Should any provision of these General Terms and Conditions or of an agreement concluded on the basis thereof be or become invalid, the validity of the remaining provisions will remain unaffected. In such cases the parties to the agreement are obliged to cooperate on drawing up a provision that will ensure a legally effective outcome that comes closest to the invalid provision.

§ 10 Applicable Law

All agreements concluded in accordance with these General Terms and Conditions are subject to the laws of the Federal Republic of Germany with the exclusion of UN trade law (CISG United Nations Convention on Contracts for International Sale of Goods dated 11 April 1980).

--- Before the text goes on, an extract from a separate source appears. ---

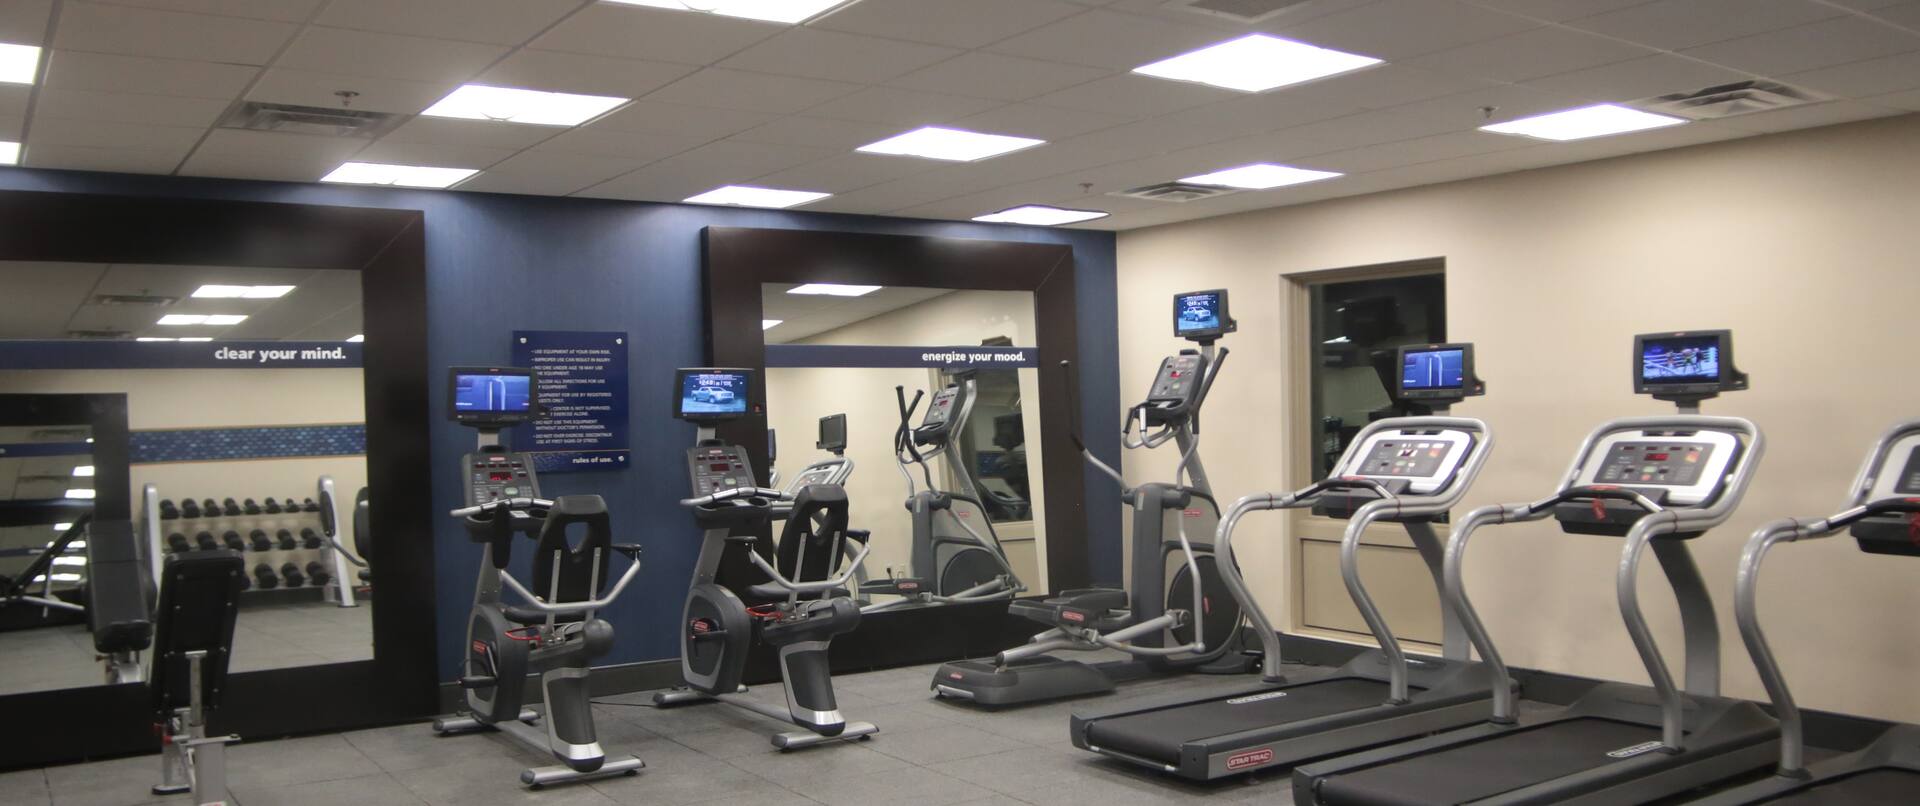 Fitness Center With Large Mirrors, and Cardio Equipment
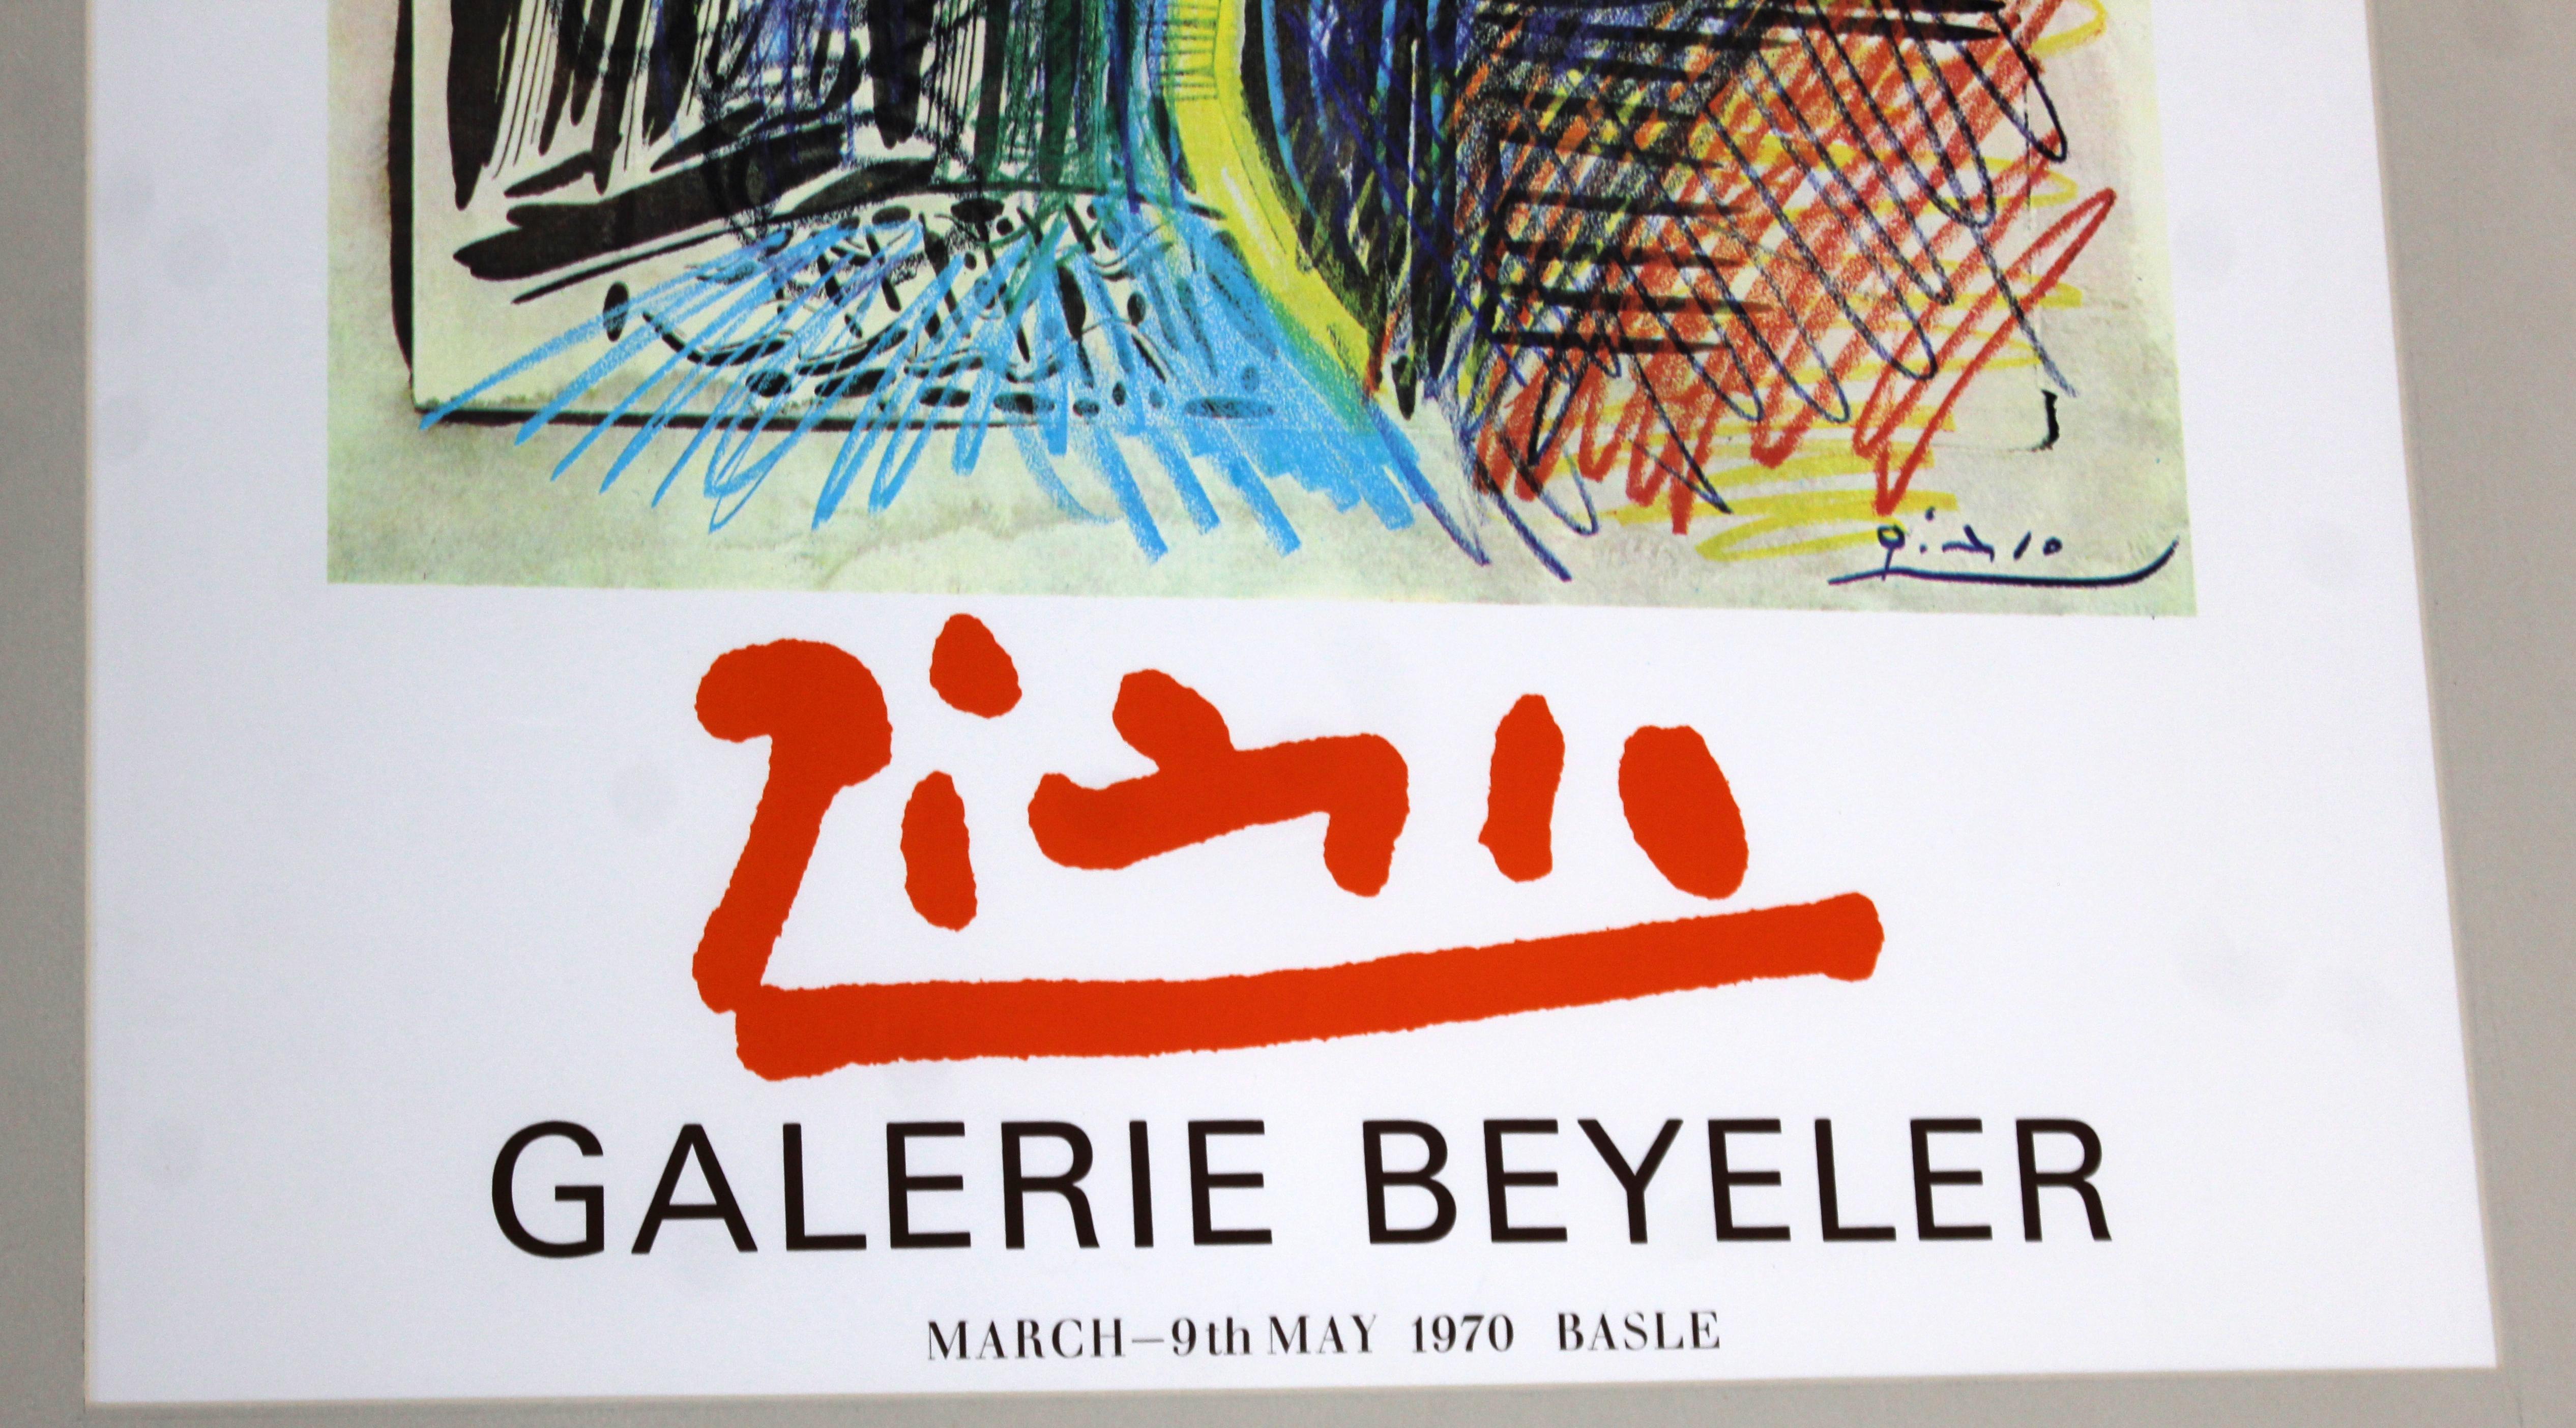 For your consideration is an unframed, vintage, Pablo Picasso Galerie Beyeler 1970 Poster, Paris. In excellent condition. The dimensions are 19

§ 11 Place of Fulfilment and Jurisdiction

  1. The place of fulfilment is SEC's place of business in Irschenberg.
  2. The exclusive place of jurisdiction for any disputes arising from the contractual relationship is the local court responsible for SEC's place of business provided the Client is a commercial businessperson in terms of the German Commercial Code (HGB), a legal person governed by public law or separate estate under public law or has no place of business or domicile in the Federal Republic of Germany when legal action is taken.

§ 12 Data Protection

  1. SEC and the Client mutually undertake to observe the legal provisions governing data protection when performing the agreement and to extend this duty to observe these provisions to their employees. Both parties mutually undertake to provide evidence for compliance with this obligation on request and in the legally stipulated form to the other contractual party's data protection officer.
  2. All personal details supplied by the Client are given on a voluntary basis. However, by providing telephone and or fax number and email address, the Client consents to SEC being allowed to inform him/her of its consultancy services by this means. SEC may use all the Client's personal details for marketing purposes, in order to conduct internal market research and to inform the Client about products and services. Should the client not agree to this, he/she must submit an objection in writing.